By the late 1990s, enough U.N. member negotiators of CSTB were likely wondering what the United States might do with its dominant superpower almost a decade out from the Gulf War and end of the Soviet Union. In that light, the negotiators’ intent that the language of the CSTB Article 19(2) remain conditional makes sense, and to the credit of the U.S. Executive, leaving it out of Reservations. And while those concerns about the U.S. were based in part on mythic U.S. hegemony, Russian state terrorism and state sponsorship of terror in pursuit of 21st Century imperial ambitions does validate the conditional language view of CSTB Article 19(2) today.

While the United Nations fulfills some important international humanitarian, peacekeeping, and security functions, history indicates that it cannot and does not use the law of war to govern lawless or terroristic behavior by nuclear powers on the U.N. Security Council that can abuse veto power as Russia has and does over majority U.N. resolutions. However, the U.N.’s collective imprimatur on treaties such as the CSTB lend some U.N. legitimacy (strength in numbers) to the individual treaty-members’ rights to self-help law enforcement powers to suppress and prevent terrorist murder and mayhem whether state or non-state. U.N.S.C. members cannot veto treaties.

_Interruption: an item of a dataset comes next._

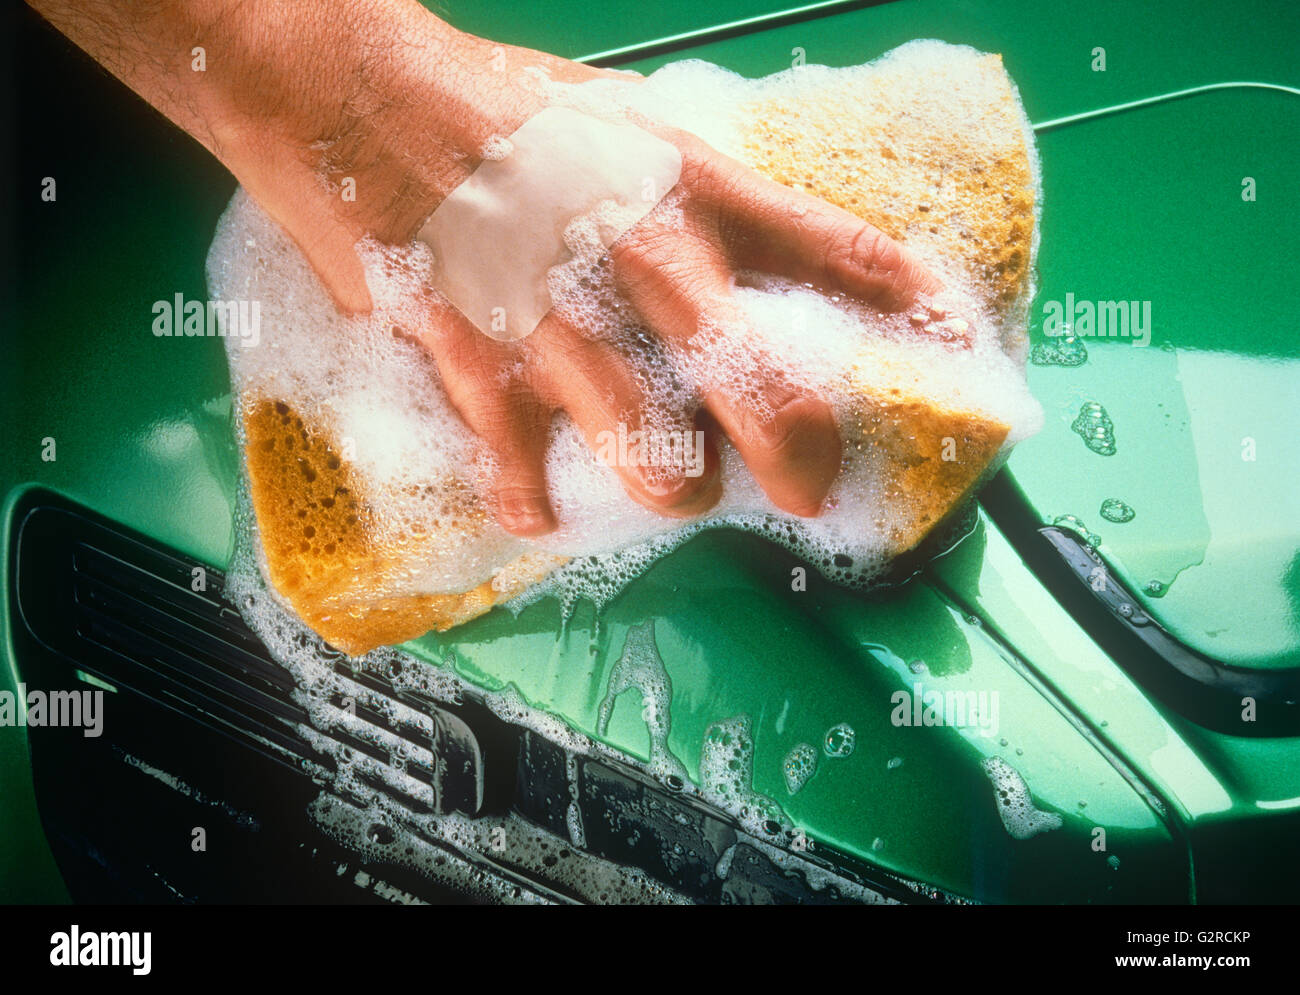 A mans hand washing a bright green car. Stock Photo

We contend therefore that all CSTB parties could bypass the CSTB state military exception in Article 19(2) that did not make the state military forces exception absolute in a “Reservation.” CSTB parties supporting Ukraine who have a jurisdictional angle could get busy cutting off supplies not only to Russia’s aggressing, terroristic forces attacking Ukraine, but also to all nations in a chain of supply for same in a global terrorist bombing suppression strategy.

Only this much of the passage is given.